Each time I have gone down and knocked on the door and asked them to move their vehicle. Each time, they rolled their eyes at me and indicated that this was a big inconvenience to them – but they did move their vehicles. I took photos of their vehicles and I was ready to have them towed. Although they always moved their vehicles, how many times a week should I be expected to go down and ask them to move?

If I need to get my car out to go to work, I don’t always have time to deal with an Airbnb vehicle blocking my driveway. Airbnb guests from next door have rung my doorbell early in the morning awakening me (I was thinking there must be some sort of dire emergency) to ask me where they might find a good swimming beach. Swell.

Even if I live beside a neighbour who I don’t like too much, I get used to them and I know who is there. Living beside an Airbnb hotel with a high turnover is much worse. Most guests are quiet and don’t cause any problems. But still – we don’t know who they are. This creates a sense of uneasiness and insecurity for the neighbours.

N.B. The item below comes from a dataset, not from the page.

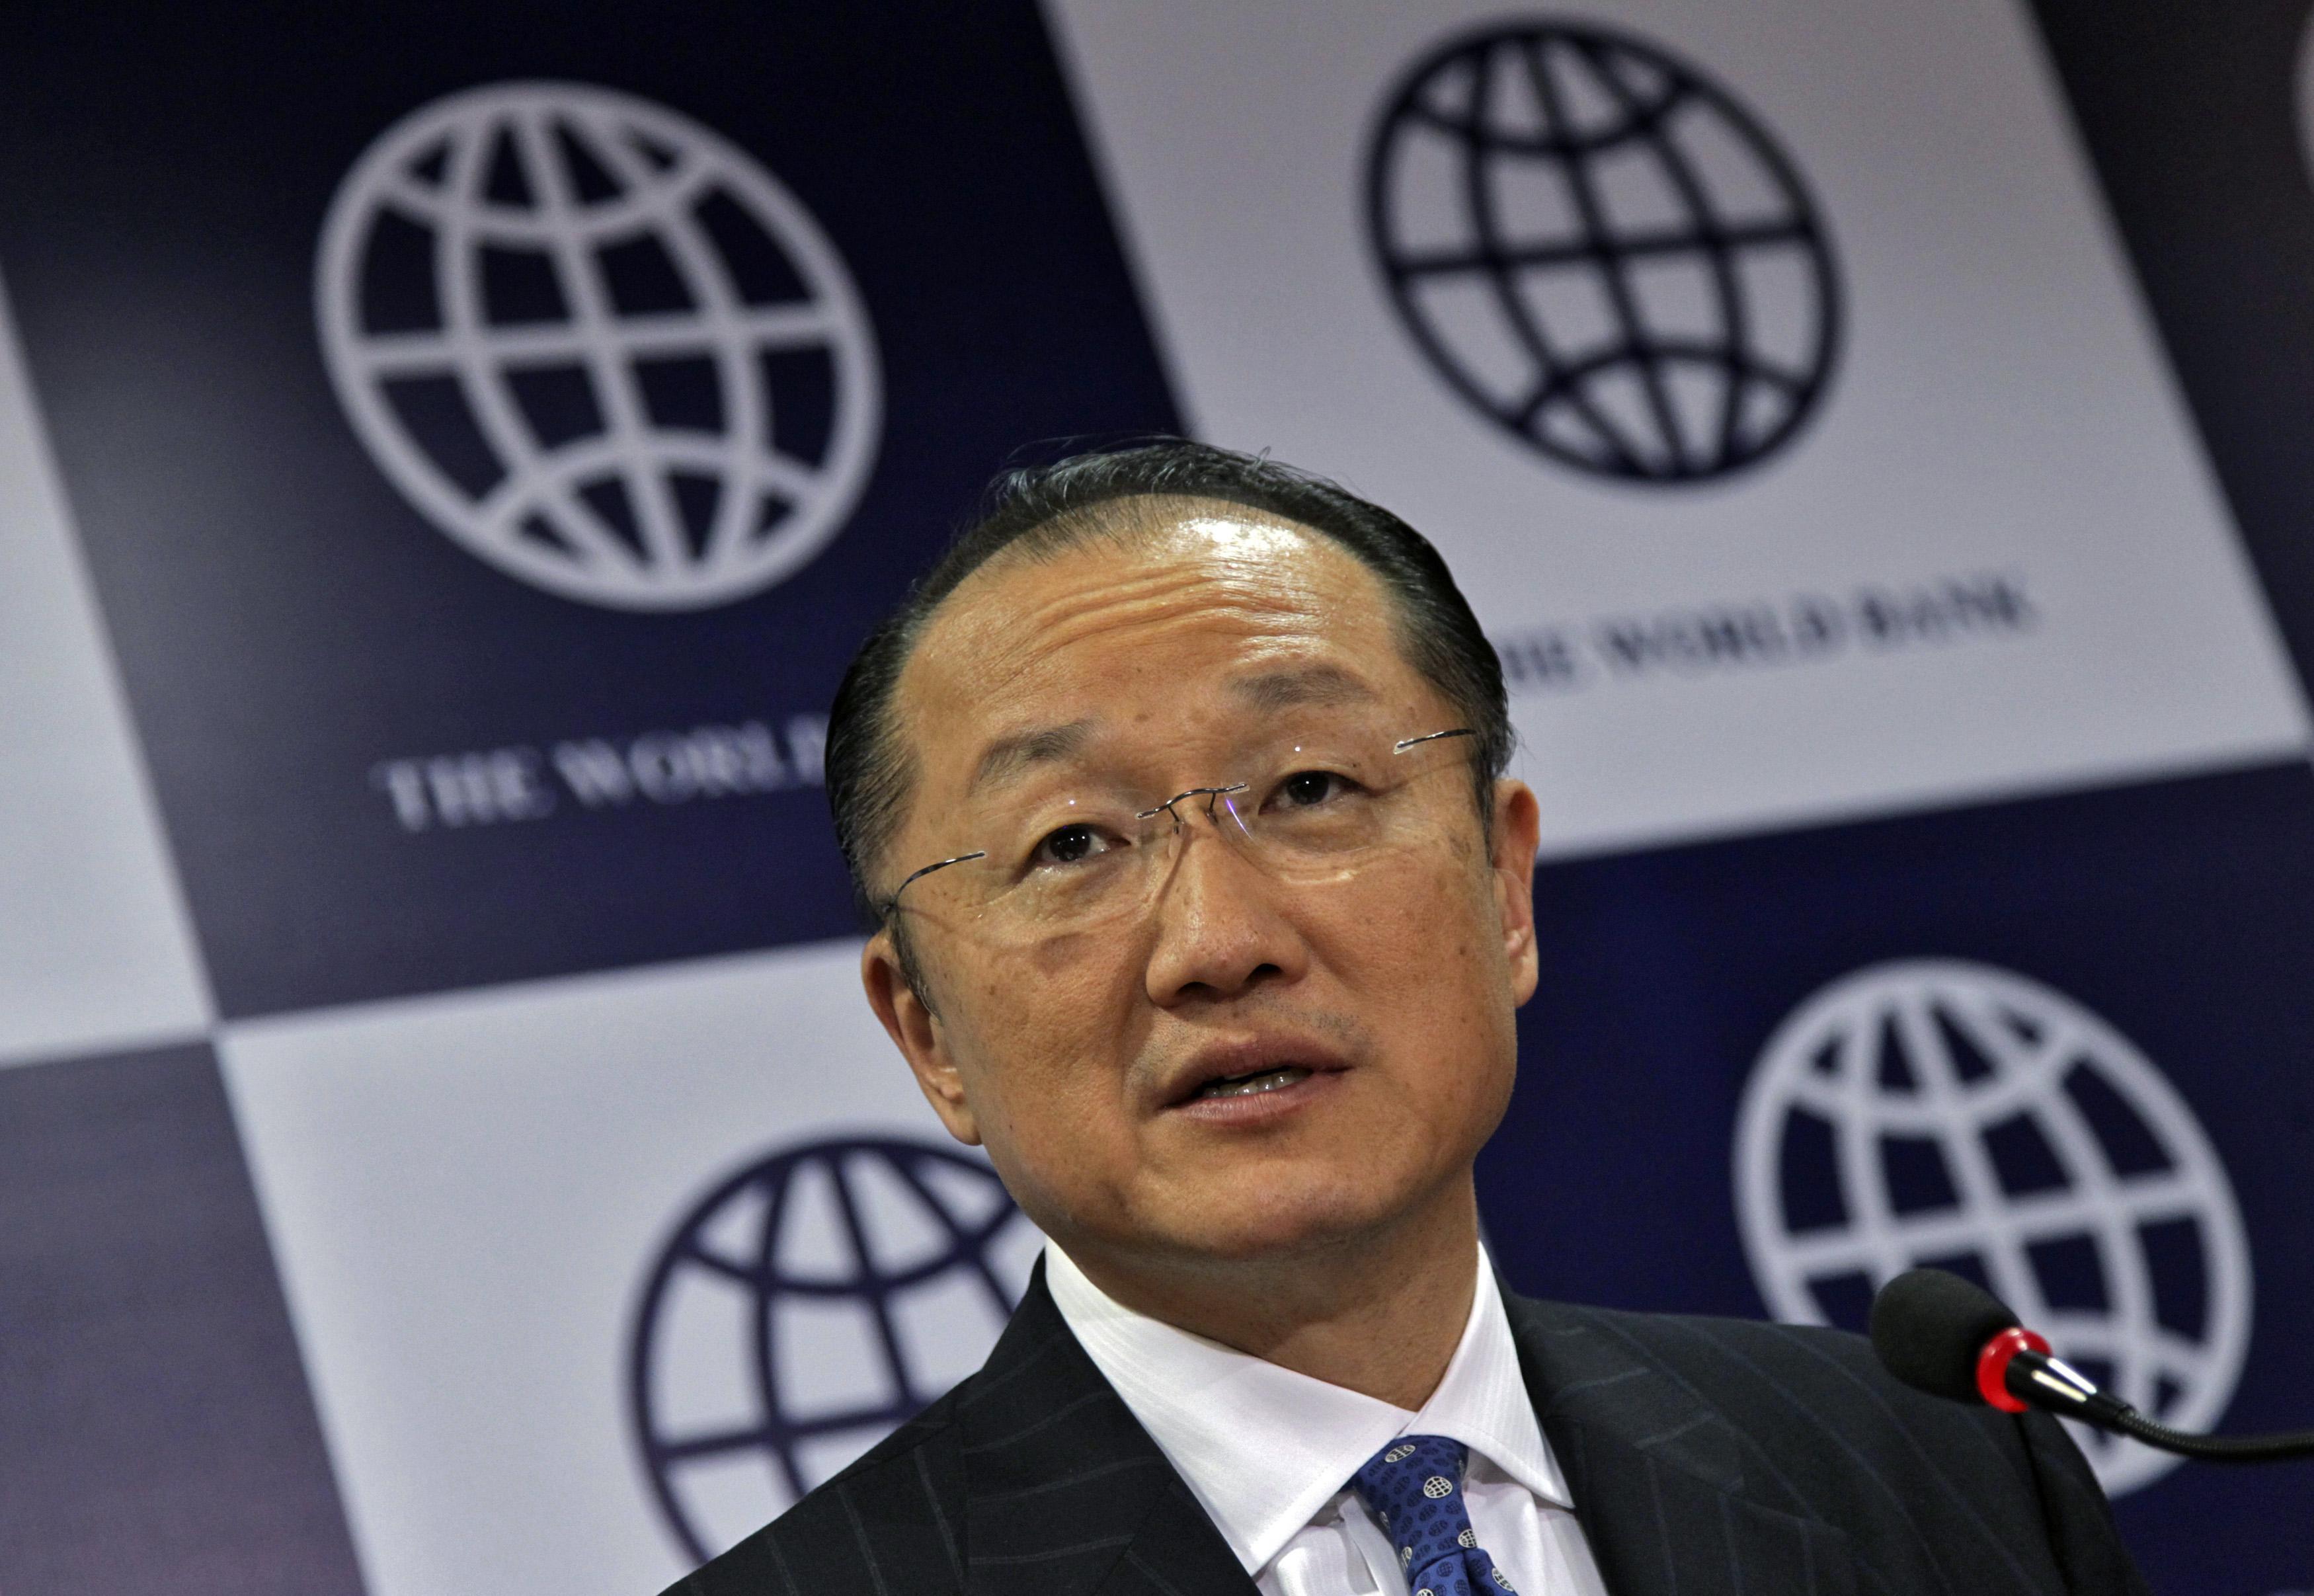 رئيس البنك الدولي يهنئ تونس بجائزة نوبل و يصفها بالمثالية

Some Airbnb guests are more problematic. With the average stay being 3-5 days and the Airbnb rented out solidly all year long, we were bound to get some problematic guests eventually. That happened the first two weekends in June 2018 when two separate groups of Airbnb guests were caught red-handed stealing firewood from a neighbouring house (not my house – I’ve had to install security cameras on my house to deter them).

The first group of thieves acted belligerently when confronted by a neighbour and absconded with the firewood anyway. The weekend of June 9th, the exact same scenario occurred: same neighbour caught the guests red-handed stealing firewood. He made them put it back this time and reported it to the police. The police won’t do anything; they have bigger fish to fry.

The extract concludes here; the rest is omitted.